2. It’s design is a classic Southern plantation house, Greek Revival style, very symmetrical. Wornall owned several slaves and rented others for various jobs. During the Civil War, he started paying his slaves in order to avoid having his house burned/being captured by Union soldiers. Because of this, he got on the army’s good side, but no one told the Jayhawkers who were still making things very interesting for those they saw as southern sympathizers. So during the battle of Westport, the Union army had to take him under their protection.
3. The living room, the room that the army used for their surgeries. On the little table they had a bunch of old copies of Harpers Weekly magazines. At the time wallpaper was less expensive than paint, so they would have only used wallpaper in rooms they didn’t have guests in. Also, all the wood in the house was shipped in from St. Louis because in the 1850s, there were no trees in Kansas City.
4. The parlor. If I remember right, the piano is original to the house. The chairs are covered with slip covers for the summer. The ladies’ chair is on the right (the one without arms so that those huge hoop skirts wouldn’t catch on the arms and fly up, lol)
5. A lithograph in the dining room, by George Caleb Bingham (who is actually one of my favorite artists, and I admit I got way too excited when I recognized his work without even looking at the name, lol) of General Order 11.
6. The kitchen. So if you go to a lot of historic houses, like I do, there’s some things you start to recognize in every historic kitchen. It varies by region, of course, like what they could get (for example, by this time in the East, most kitchens would have had stoves rather than open hearths). One thing is sugar cones. During the 19th century and before, sugar was really expensive and it came packed in really hard cones and covered in paper. You didn’t just keep sugar on the table where anyone could get to it. You kept it in a special locking case made just for that purpose. You then put that case somewhere where all your guests could see it, so they could see that you could afford sugar.
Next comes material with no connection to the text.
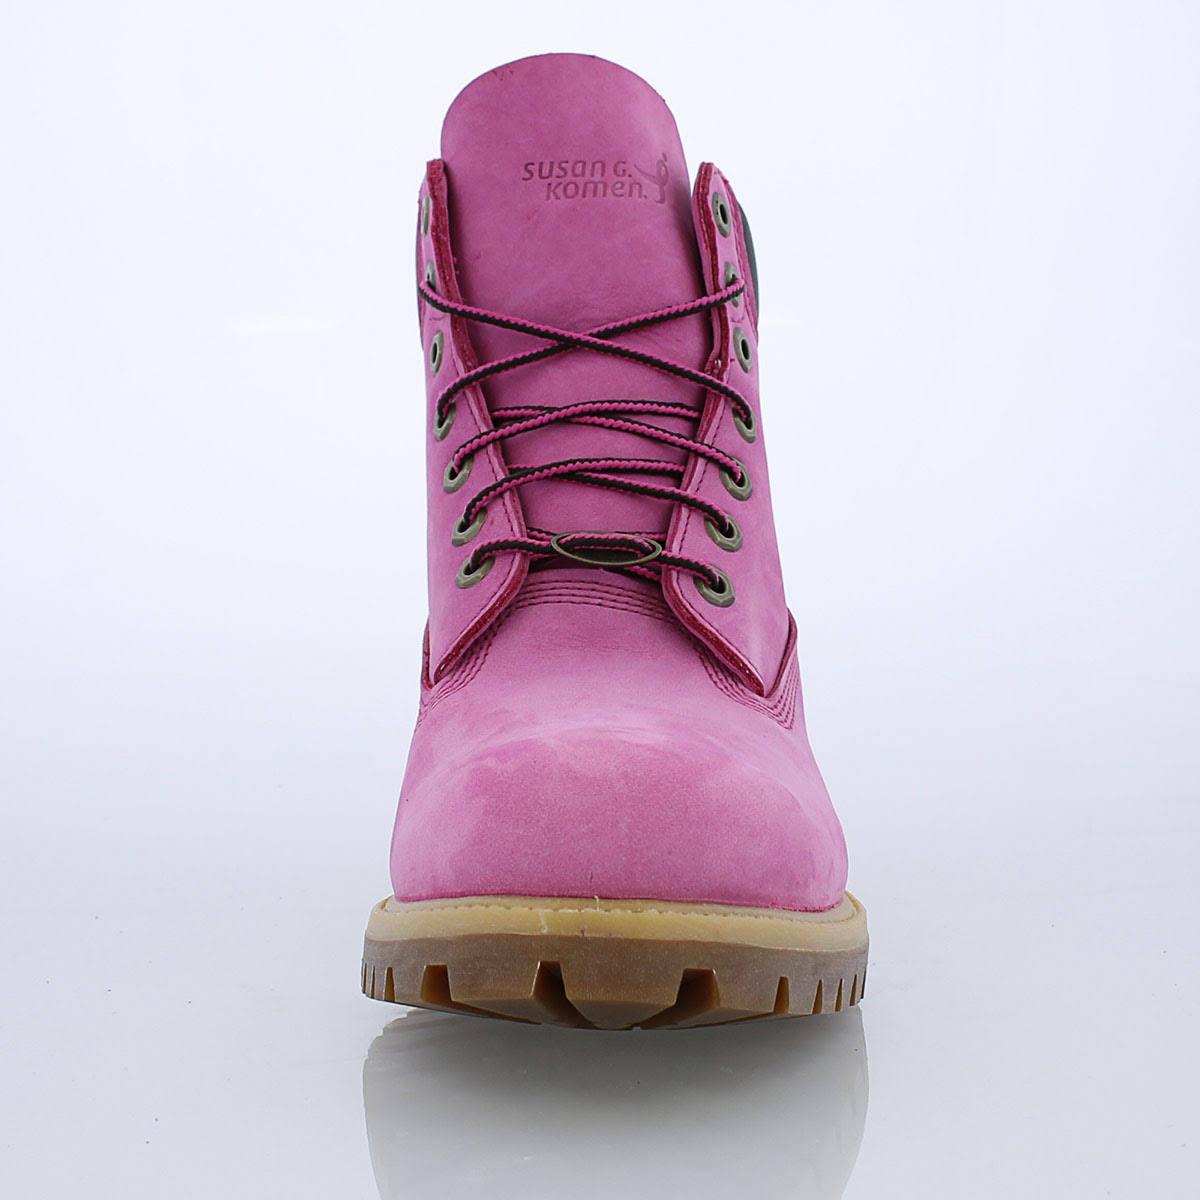 Rose Inch Hombres Boot Premium 6 Timberland Sgk Nubuck Ibis wBq0A0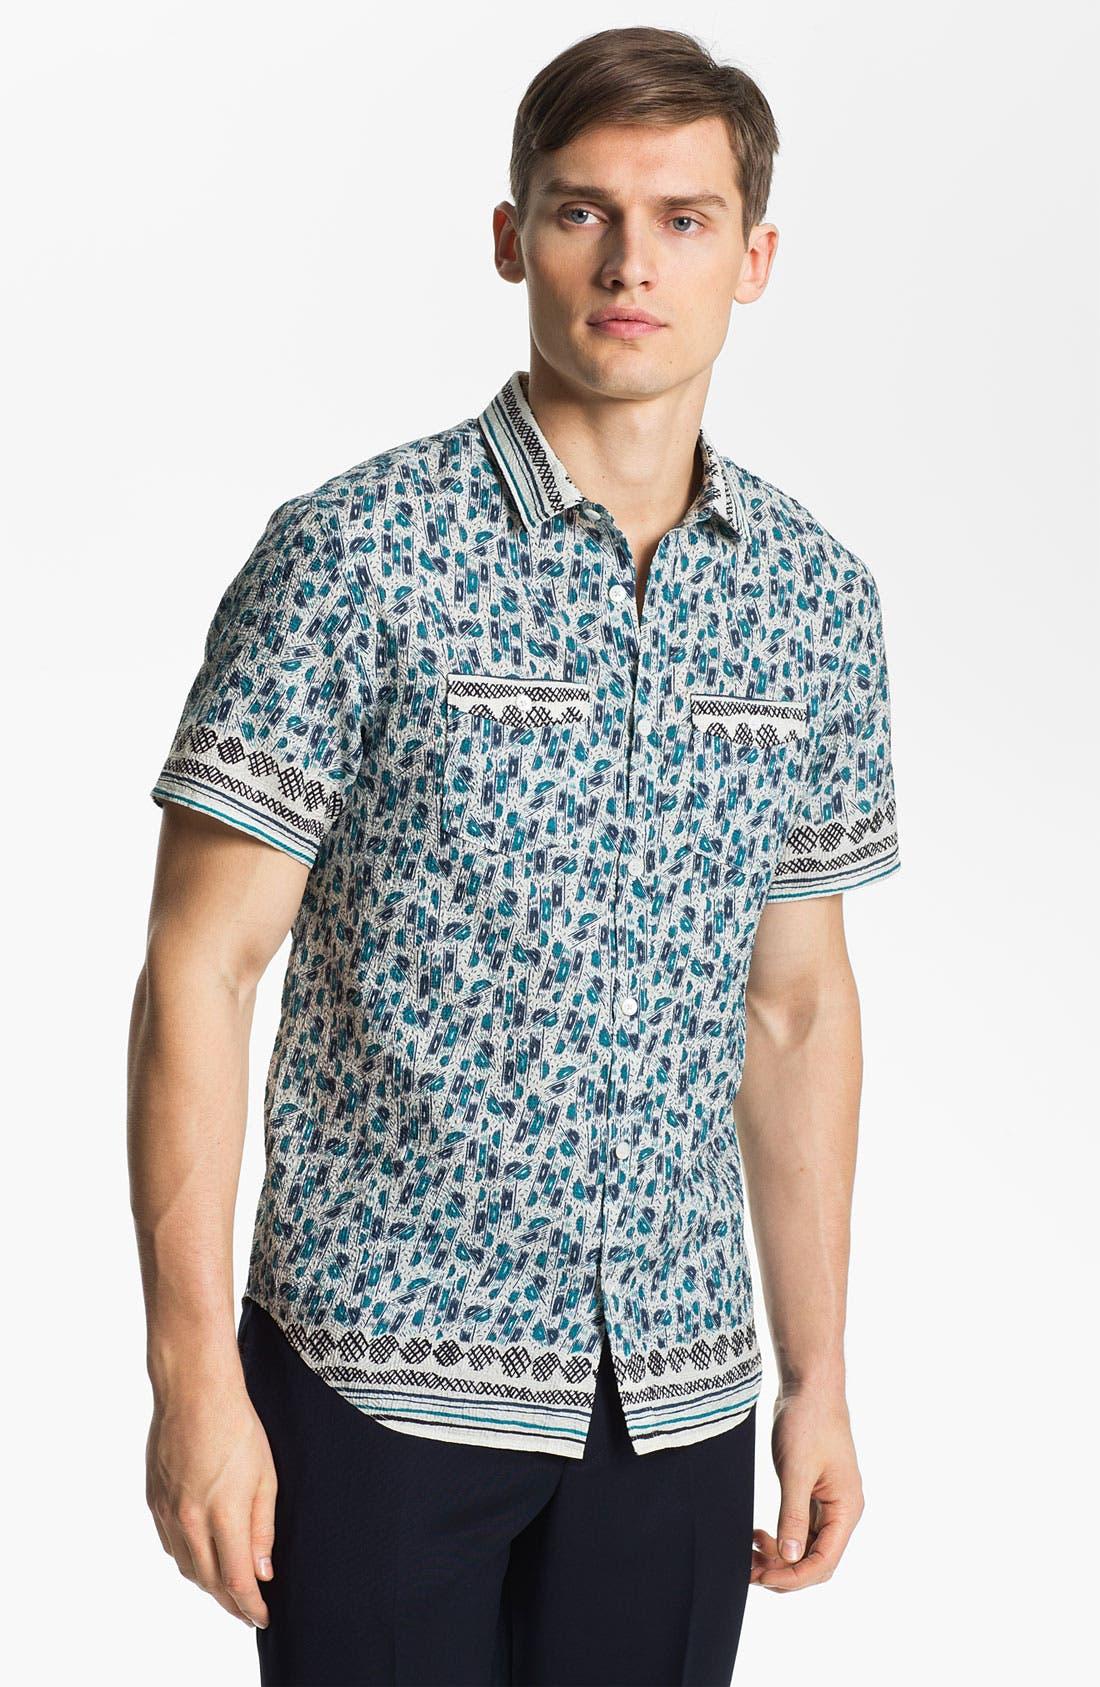 Main Image - Burberry Prorsum Crinkled Print Shirt

7. One thing I didn’t know before today though, was about blocks of tea. Back in the day, tea came from China packed into really hard blocks and printed with intricate patterns. To make liquid tea, you’d break off a small chunk of it and grate it with something like a cheese grater. Apparently it wasn’t like…tea bags or even liquid tea that the colonists in Boston threw into the harbor, it was huge blocks like this. I have no idea how I never learned this before now.
So yeah…it was very interesting. :) There’s still so much I don’t know about Kansas City, so I hope we can go on more KC adventures soon! You’ve all inspired me so much to explore the places around me that I always take for granted.